Any object on the web can be categorized… not just traditional web pages. Here’s +John Mueller
's Google+ profile shows that he is primarily all about Computers / Internet / Web Design and Development and secondarily about Computers / Internet / Searching for example. Hope that’s a fair assessment of you John? Check out a few friends while you are here! J
When we started looking at categorizing the web, I have to confess that I was mildly skeptical as to whether (a) we would pull it off and (b) whether the data would hold up to scrutiny and (c) whether people would care. Fortunately for us, +Matt Cutts
did a spiffing video on the 2nd April about “Topical Pagerank”. Thanks Matt! I am glad that we have been able to get this out before Google’s topic update though – at least we can show that we worked this all out ourselves and not using third party data.
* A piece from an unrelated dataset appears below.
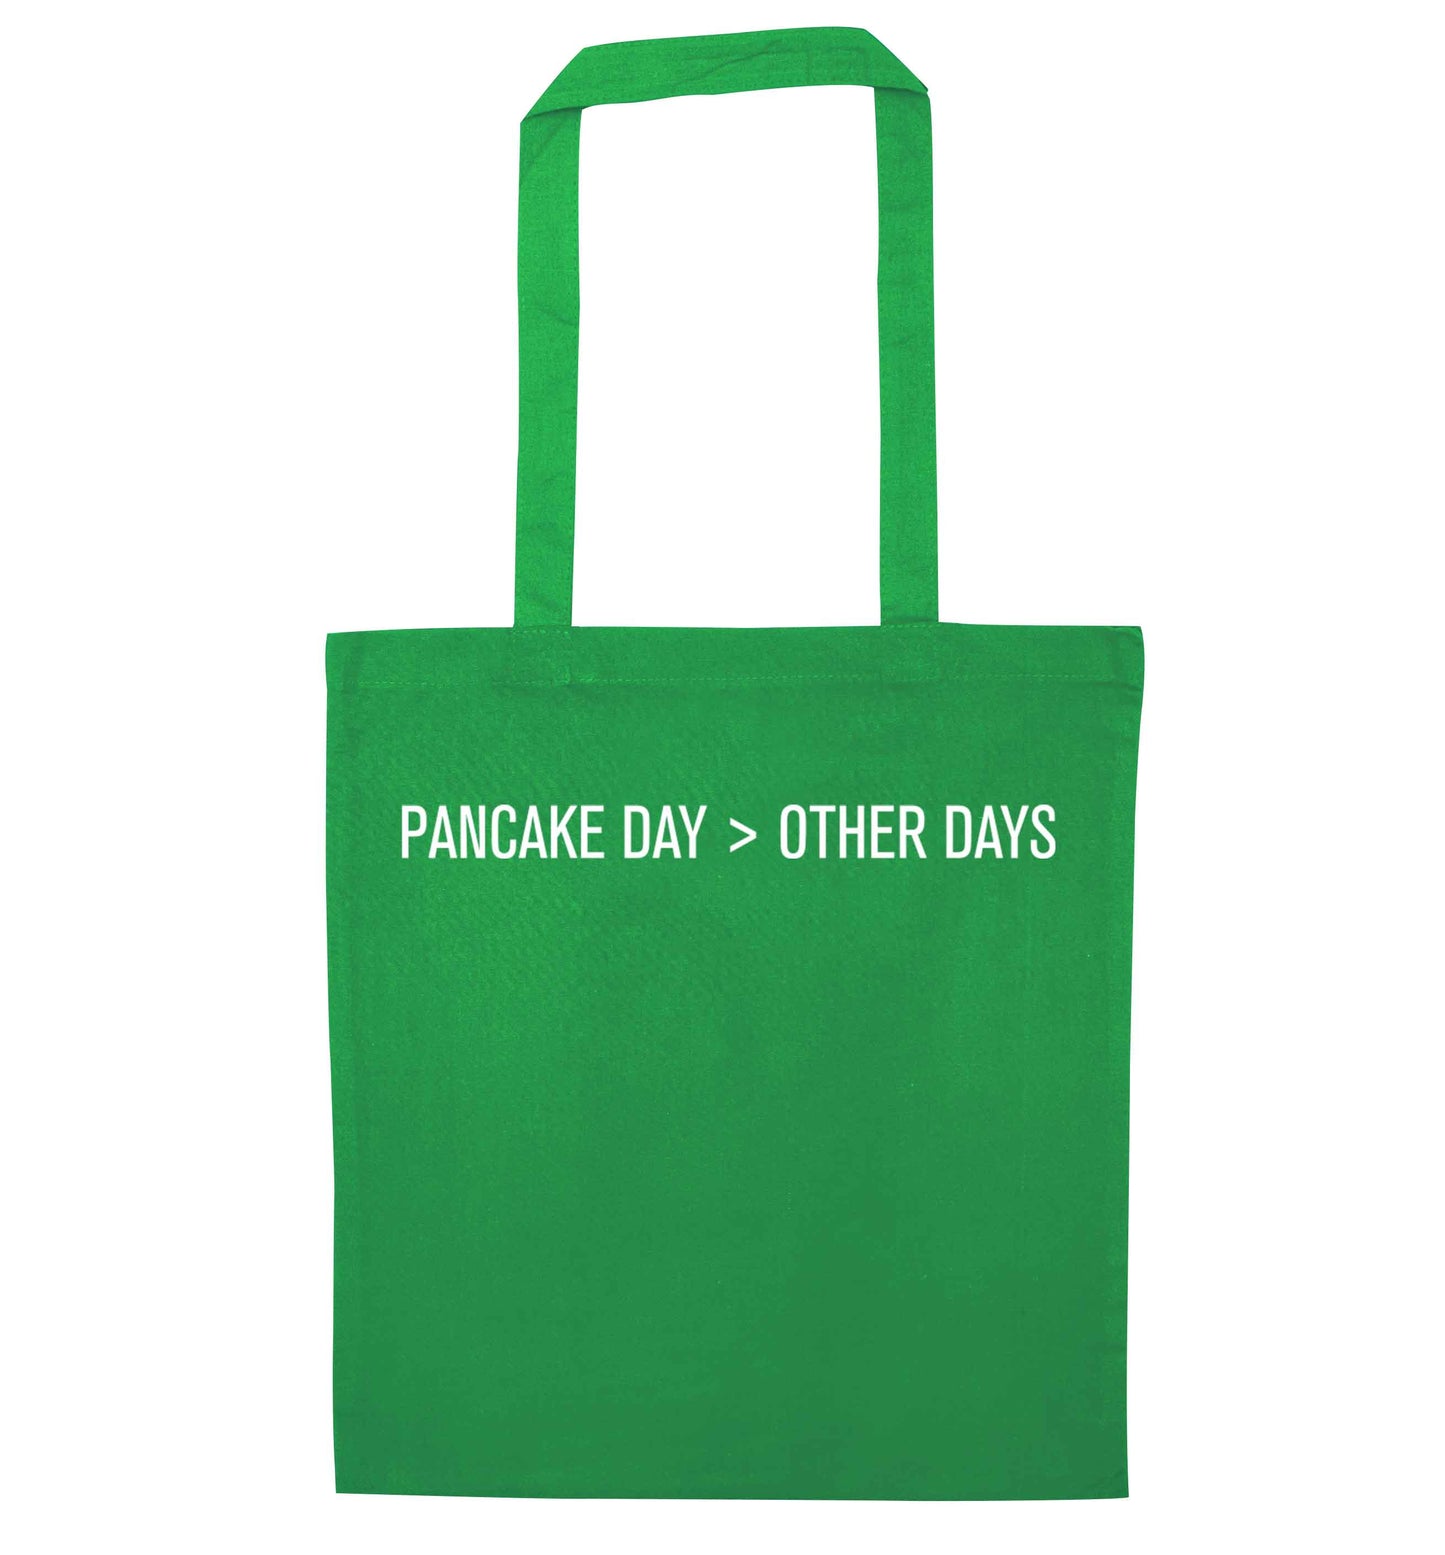 Pancake day > other days green tote bag
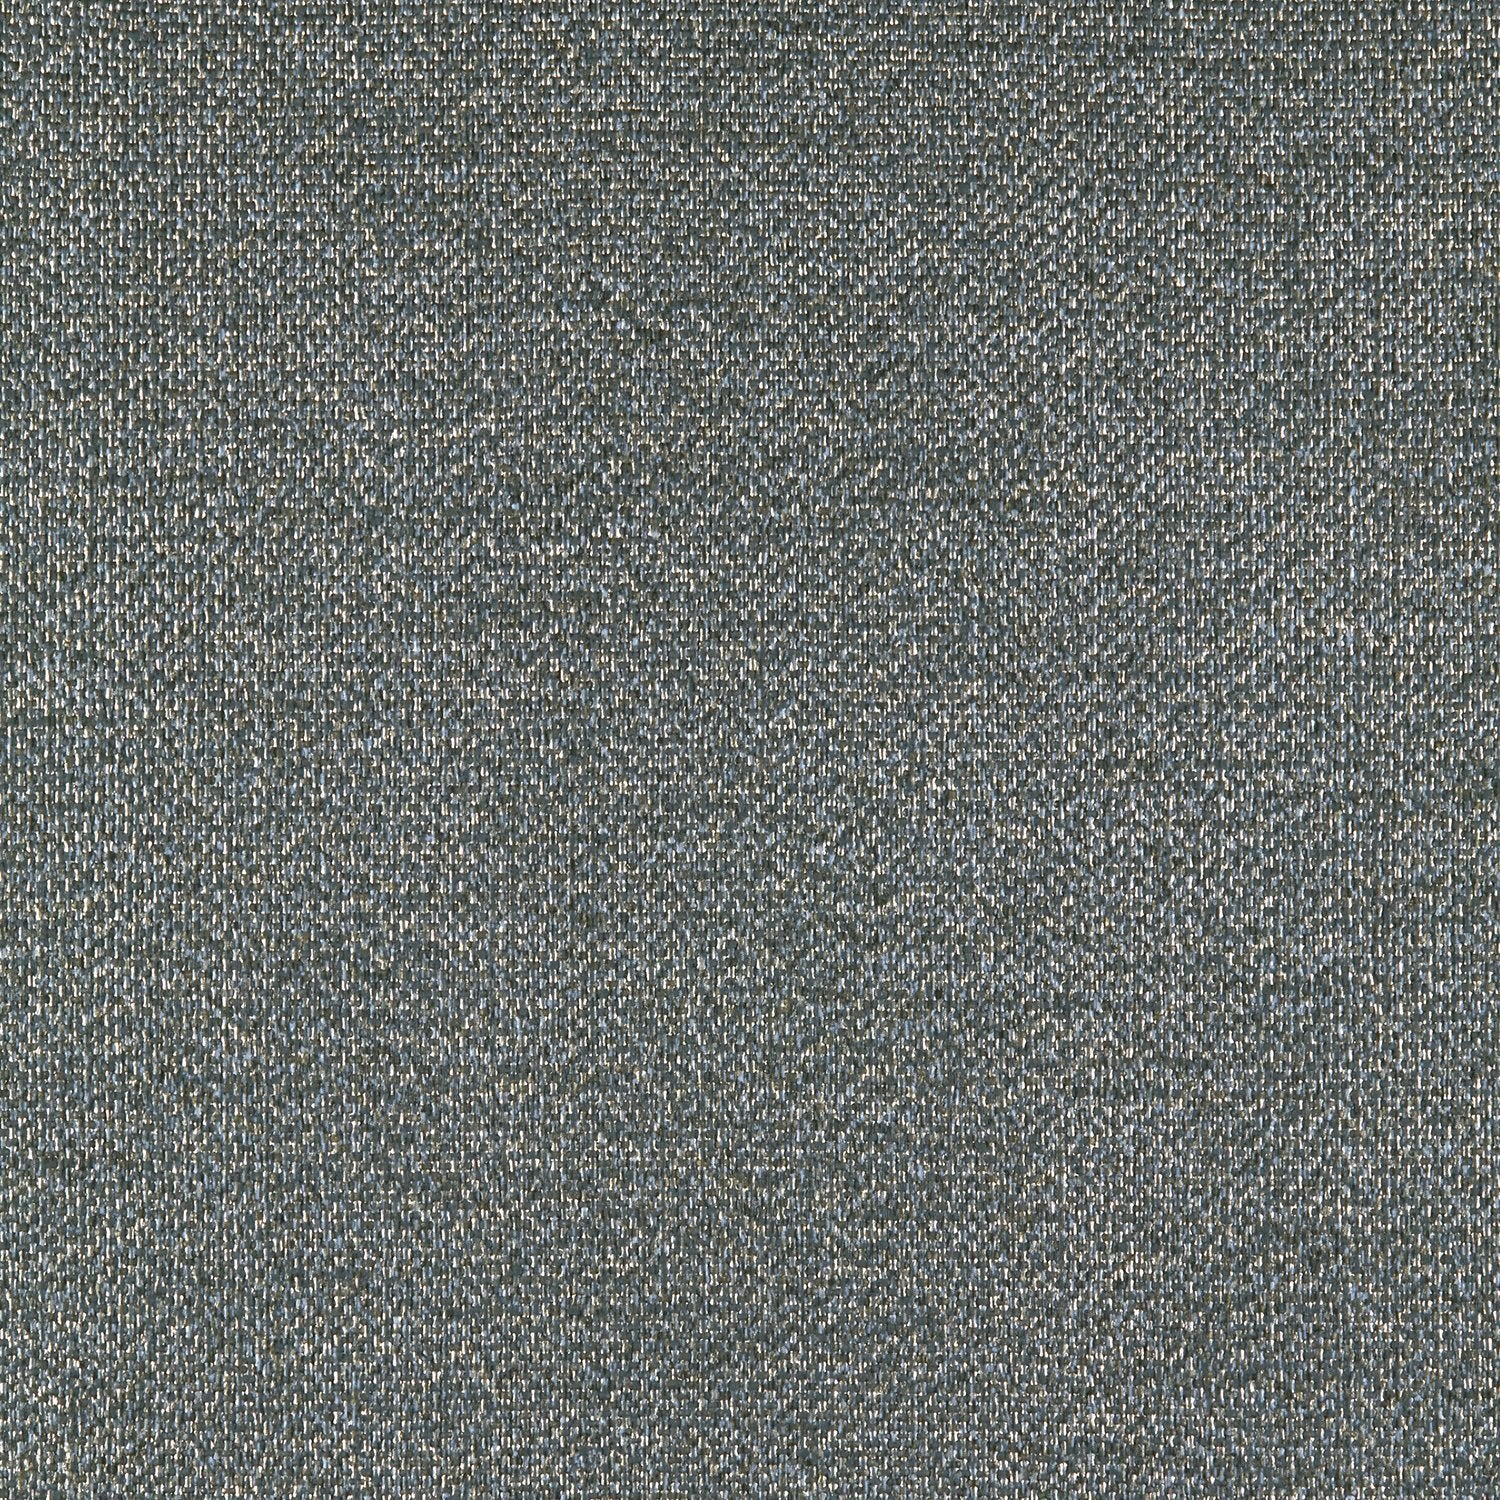 Tweed - Y46941 - Wallcovering - Vycon - Kube Contract

Actually – that is not entirely true. One of the first things we looked at was what topics we should use to categorize the web. Options on the table included Dublin Core and some sort of tag based system, but in the end we decided that the Open Directory Project has an open source categorization structure and if it was good enough for AOL it was not a bad place for us to start. That said, we found the categories slightly problematic – especially when it came to (say) electronics maufacturers in the UK vs Electronics manufactures in the US… when companies get large, localization only serves to disrupt categorization. So we took the ODP categories as a framework, but then changed them for the sake of our algorithms.
The next step was the actual categorization part. This was really interesting and I can’t say too much, but we decided that one of the biggest weaknesses of human edited directories was that two pages n the same site could be about totally different topics. Some sites are very specialist… others very generalized. So we decided that the only solution was to categorize pages, and then do some roll up calculations to help give an overview at a subdomain or root domain level. This is something we are now quite practiced at, so that part was OK. The part that IS technically challenging is that many of these categories overlap dramatically semantically and differentiated between categories is really hard to do, because finding patterns for one category that differentiate from a lower or parallel subcategory is not at all easy. We have spoken with a number of researchers, practitioners, university lecturers and all manner of people about this and we did not find a useable solution on a plate. I guess that explains why it has never been openly attempted before. I know Google have Topical PageRank, but they don’t share that knowledge and neither would I if I was them. Also challenging… with a little under 1000 categories, we have to score every web page against all 800 to know which categories are most important.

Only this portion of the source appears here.